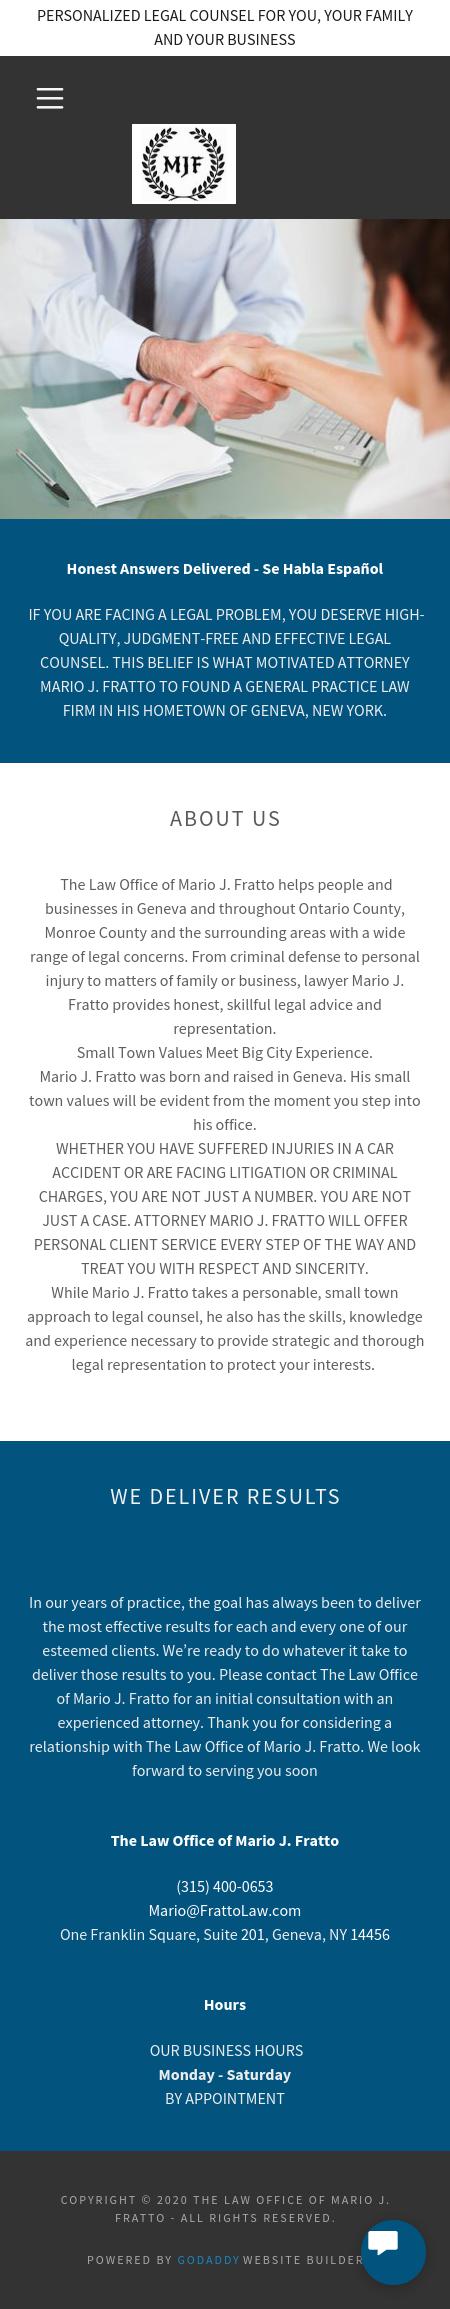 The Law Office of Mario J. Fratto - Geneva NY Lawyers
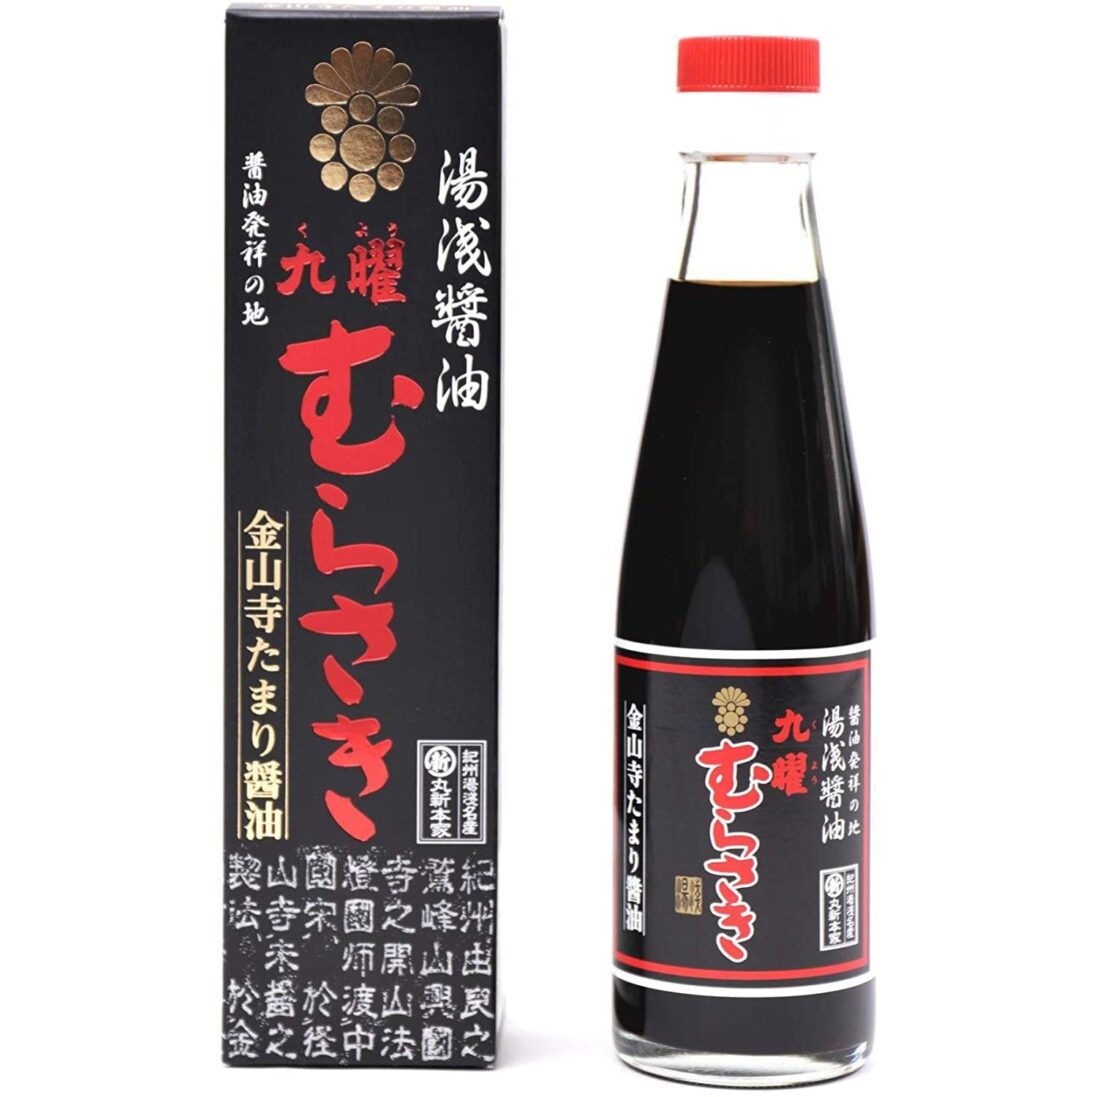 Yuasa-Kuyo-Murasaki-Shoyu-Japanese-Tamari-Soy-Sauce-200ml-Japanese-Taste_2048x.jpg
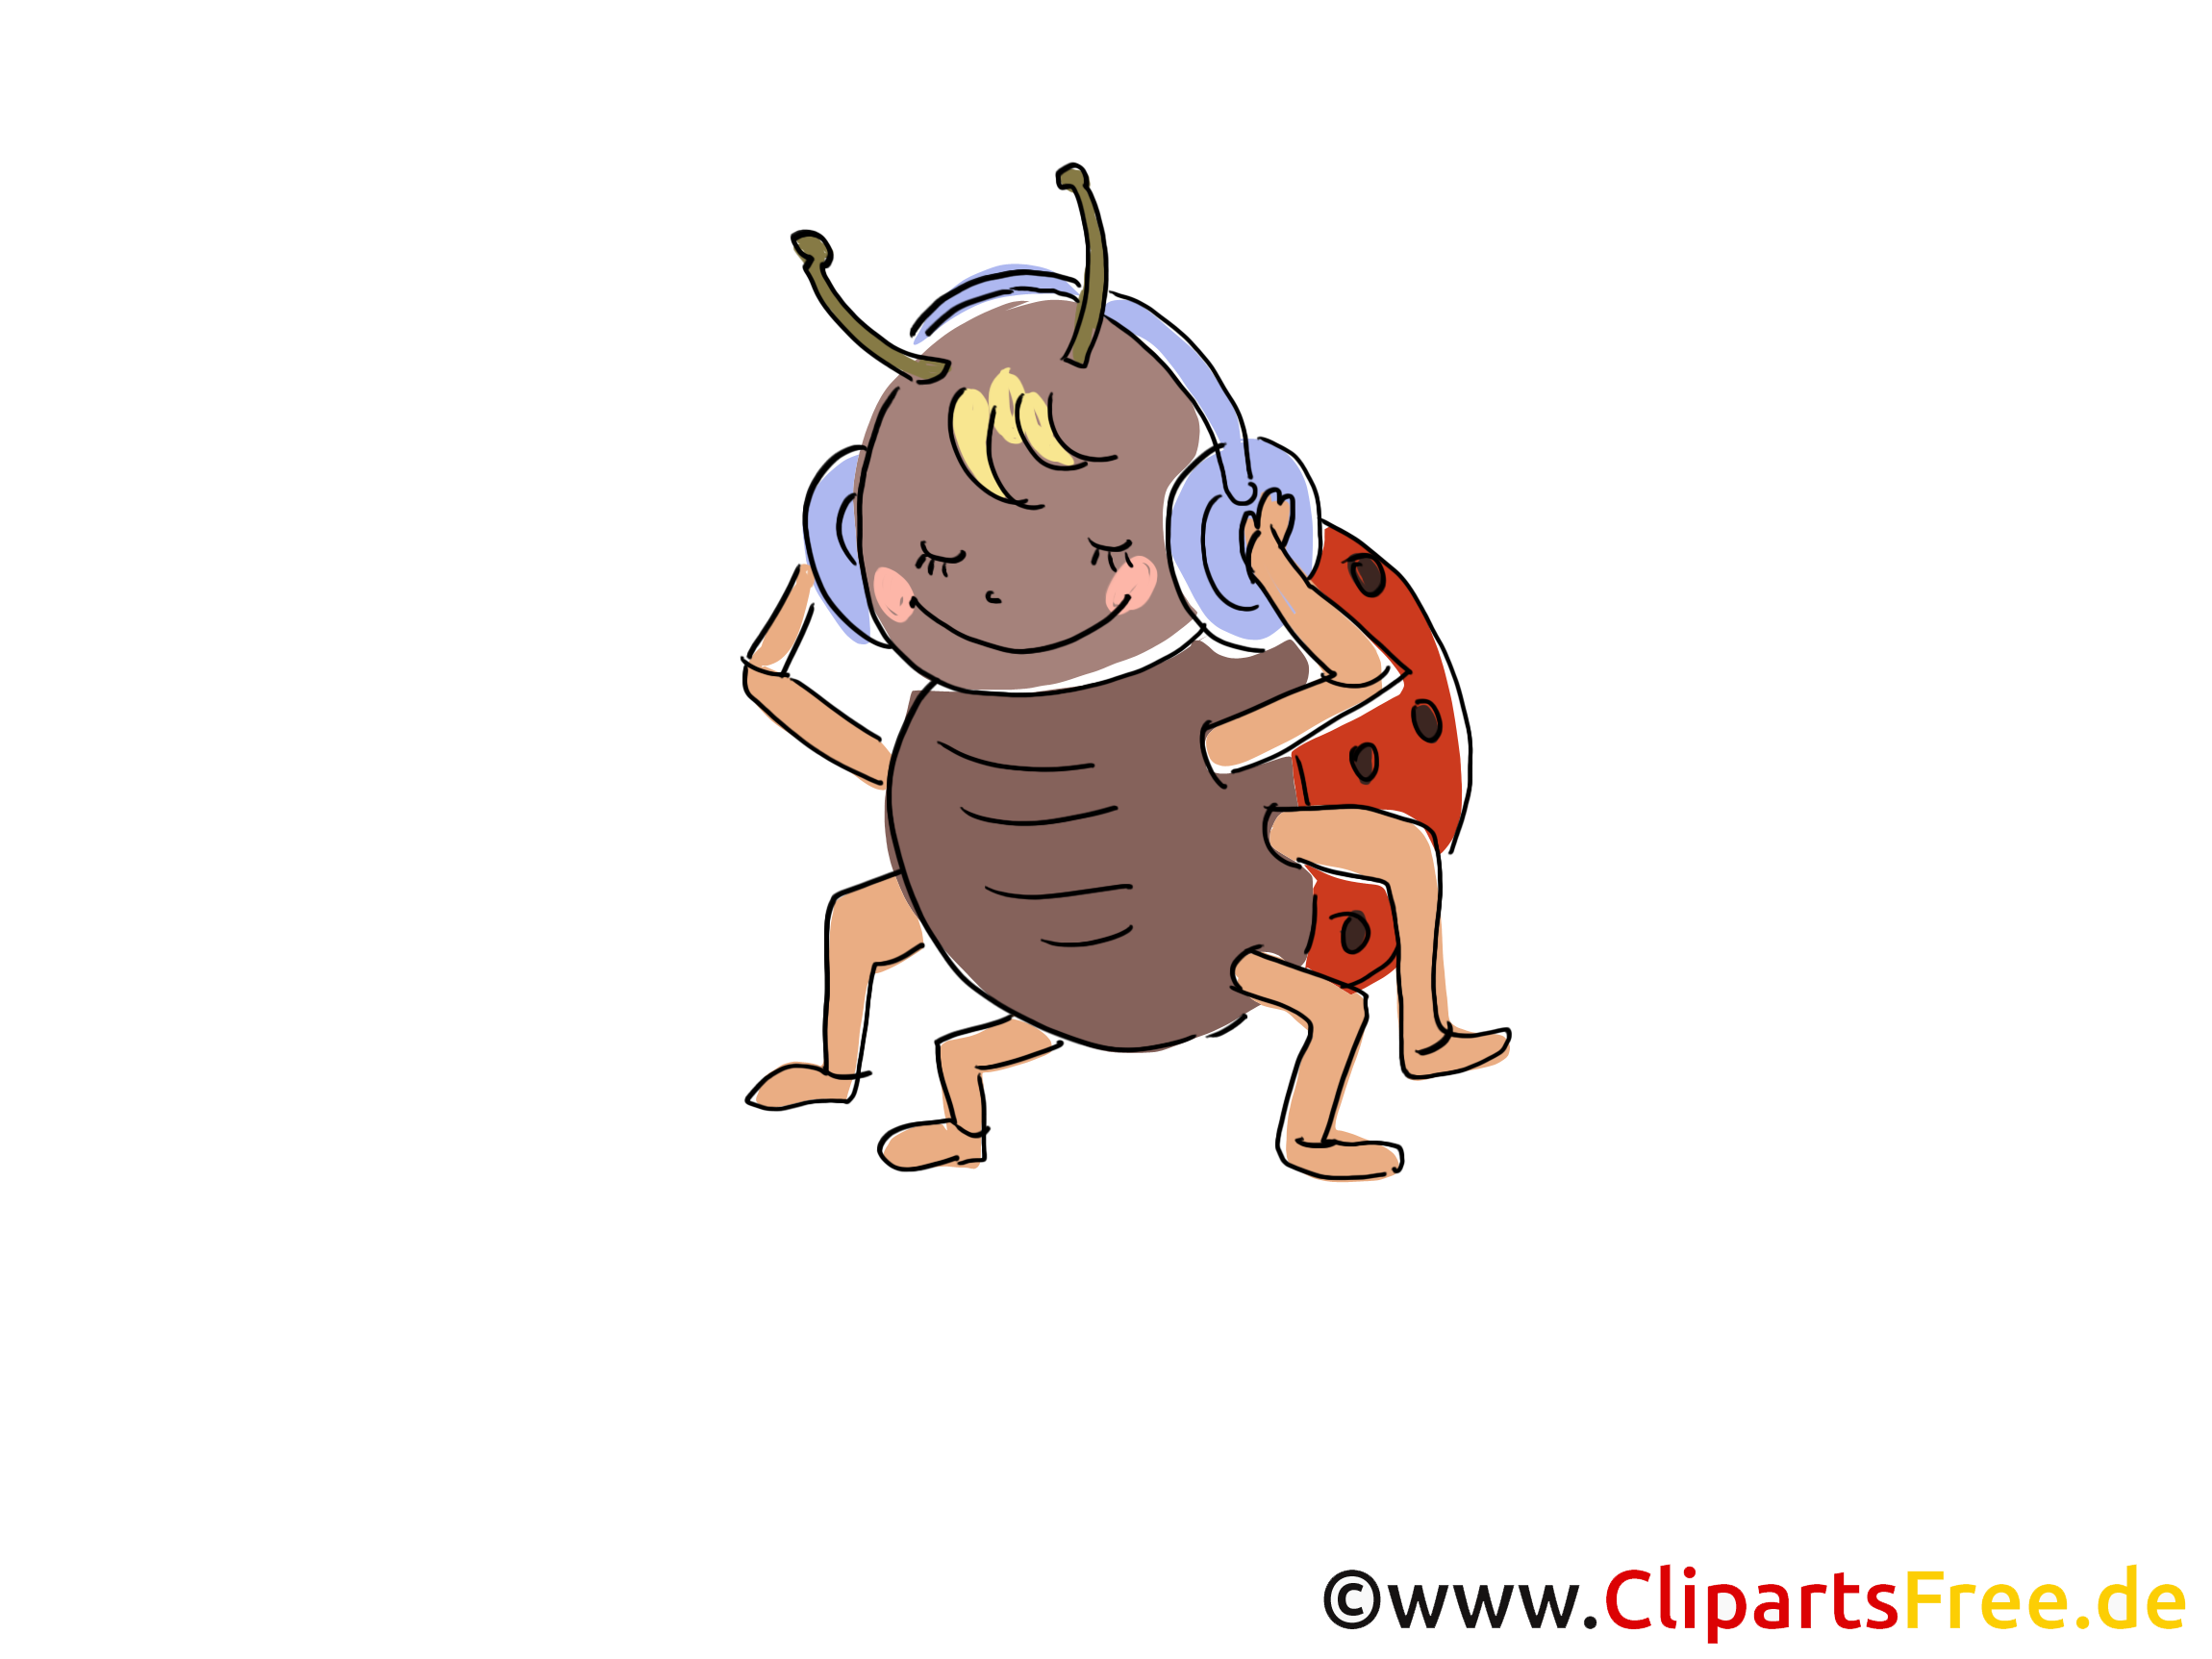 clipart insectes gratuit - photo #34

■ YOUR ASSIGNMENT
All of the preceding material should be output verbatim, with the pictures excluded.

■ REPLY TO THE TASK
 The Law Office of Mario J. Fratto - Geneva NY Lawyers
 Yuasa-Kuyo-Murasaki-Shoyu-Japanese-Tamari-Soy-Sauce-200ml-Japanese-Taste_2048x.jpg
 clipart insectes gratuit - photo #34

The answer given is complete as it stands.